Sorry when this sounds like a first year physics homework question, but it's actually not. It arose during a discussion regarding safe practices for rock climbing anchors…
So here we go: Imagine you have a closed loop (a sling) around an object such as a tree. Let's for the moment assume the tree to be frictionless and a cylinder of radius $R$.
You attach a load (via a carabiner, but it doesn't matter here) to that sling. It's pulling away from your tree with force $\vec{F}_l$. Now my question would be: What's the tension in the rope given the angle in the rope at the attachment point.
Well… I know the carabiner in equilibrium isn't moving, so the force $\vec{F}_l$ must be balanced by forces coming from the sling. I can draw the parallelogram of forces. Let's assume I already know the angle that the sling forms at that point. My confusion stems from this: Because I have a closed loop, should there be some sort of "back action" from the tension in one leg of the loop on that on the other leg?
The situation is clear when instead of a closed loop I have piece of rope attached to two points of attachment: Then I can work out the tension in each leg and know that this tension will be transferred to the points of attachment…
Also, it should be obvious that the sling exerts force on the tree, but if I only look at tension, which runs in the direction of the rope, I can't really tell where that force is coming from.
I must confess, back in my first year in physics I'm not even sure we properly did discuss more advanced situations regarding rope tension.

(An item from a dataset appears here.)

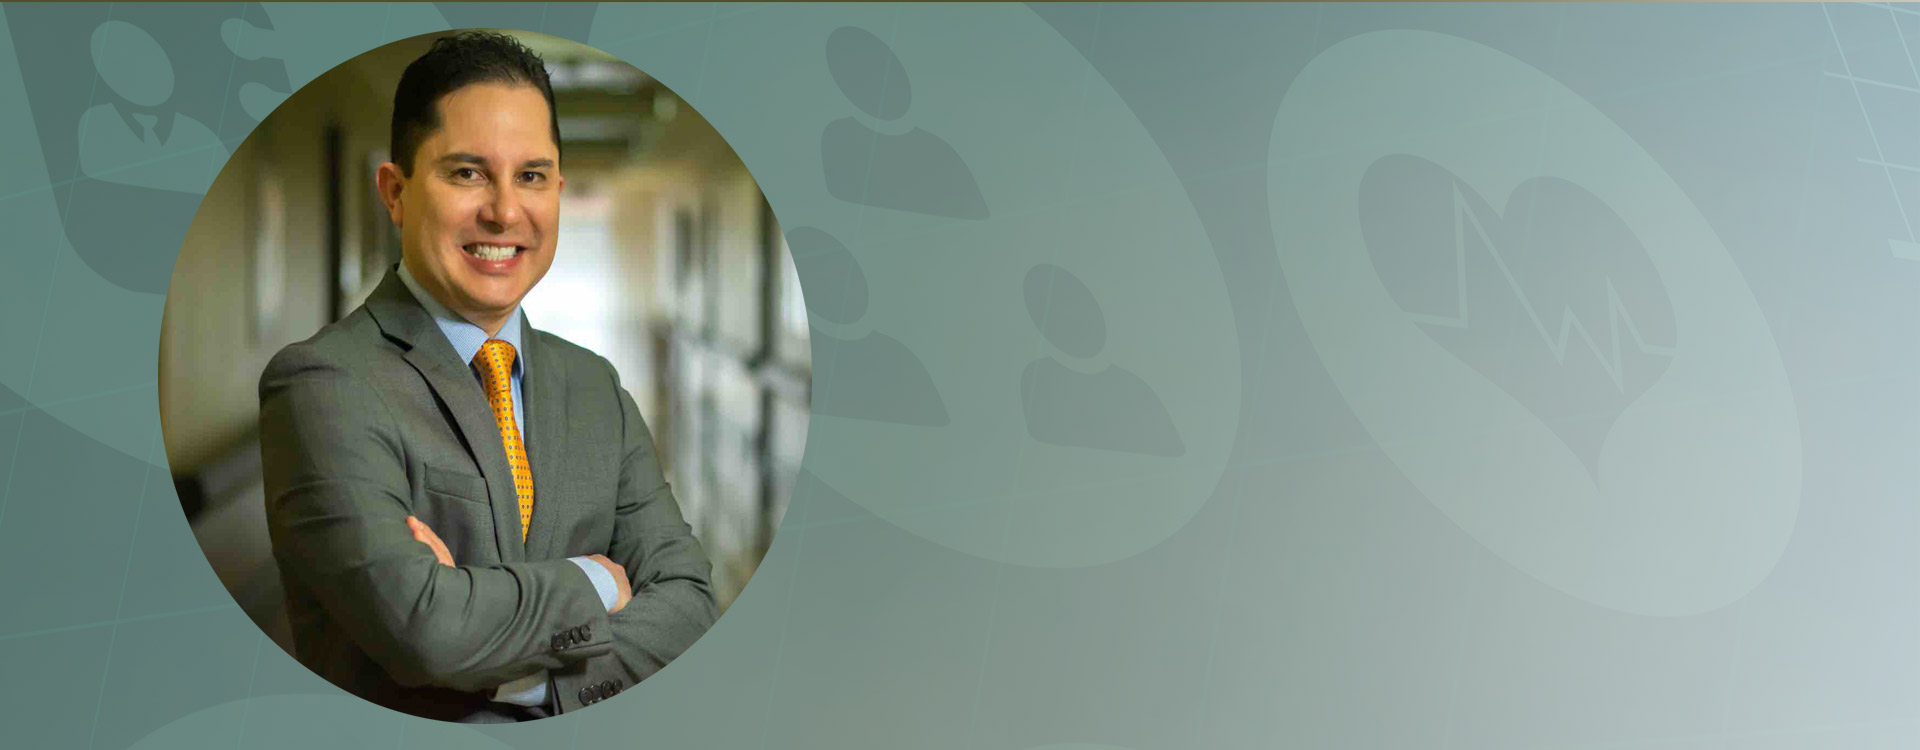 Dr. Mauricio Barahona
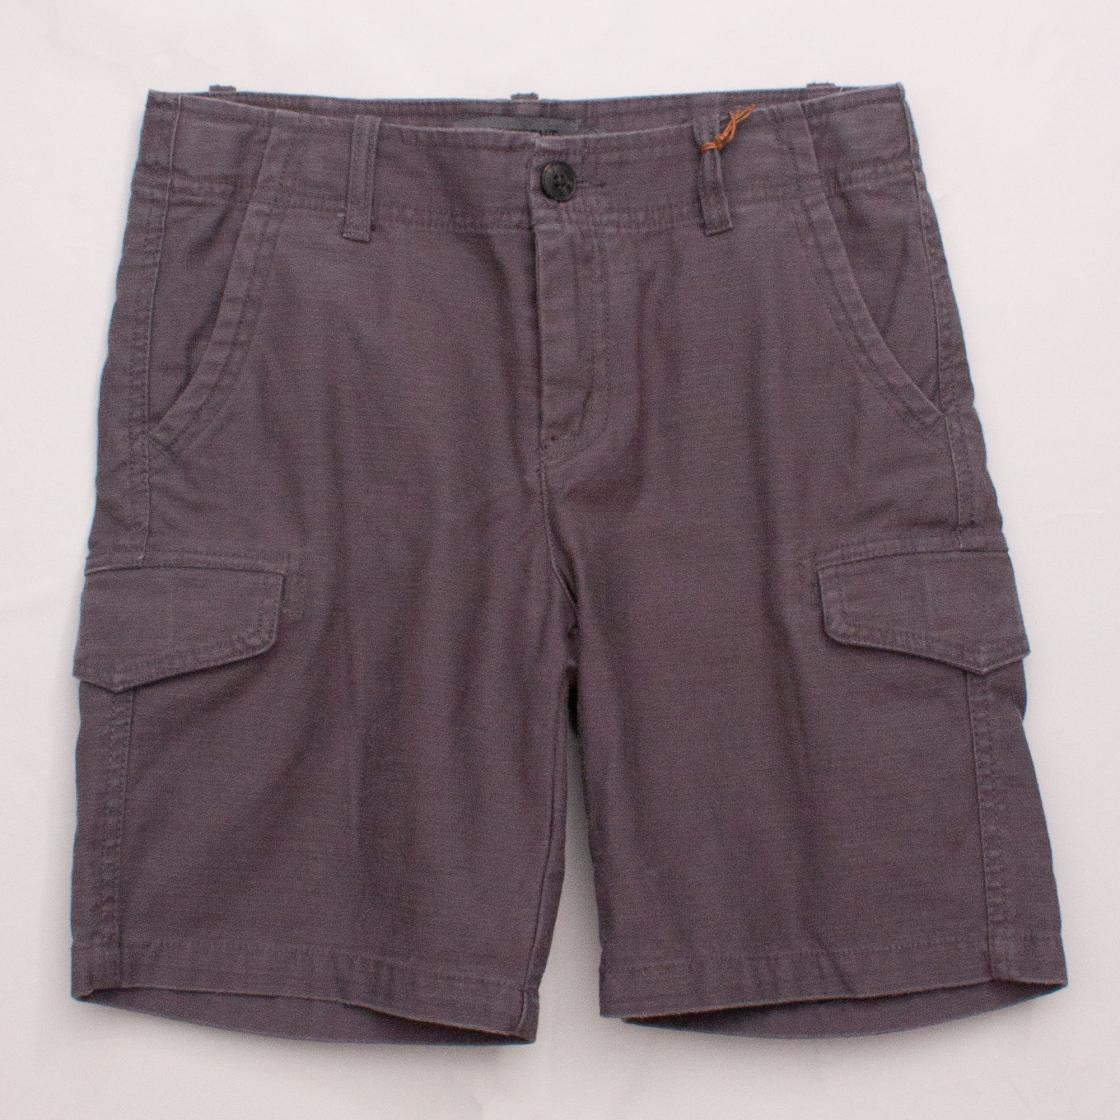 "Pavement Charcoal Shorts ""Brand New"""

It was always the good old frictionless pulleys introducing $90$ or $180$ degree turns…
EDIT: Here's an attached image. The left one shows the setup I'm interested in, the right one shows a situation that I'd know how to solve…
Best Answer
Cool question. About the "back action." Imagine, instead of a smooth cylinder, a cylinder with a thin, rectangular bump directly opposite the point that the load hangs beneath (on the top part of the cylinder.) Also, instead of a circular rope which stretches all the way around, picture a regular, two-ended rope which stretches around the underside of the cylinder (that is, the load side), but where each end of it is joined to one side of the bump, on the top.
In this case, there cannot be any back action. But this is the same as the case you describe. Let us illustrate. First, we can cut the bump from the cylinder -- nothing will change, as there is no net force upwards or downwards acting on the bump. Second, we can replace the bump with a piece of rope, and voila -- this is just a rope stretched all the way around.
Since tension only comes from forces acting parallel to the direction that the rope is stretched, and the normal force from the cylinder is always perpendicular, there can be no contribution to the tension from the cylinder.
This means the tension in the circular rope, due to the load, is the same as the tension in two straight, fixed ropes carrying that load.
The rope now pulls down on the limb a weight equal to the weight of the load (if we take the mass of the rope to be negligible.) The pressure on the cylinder does not come from the tension in the rope.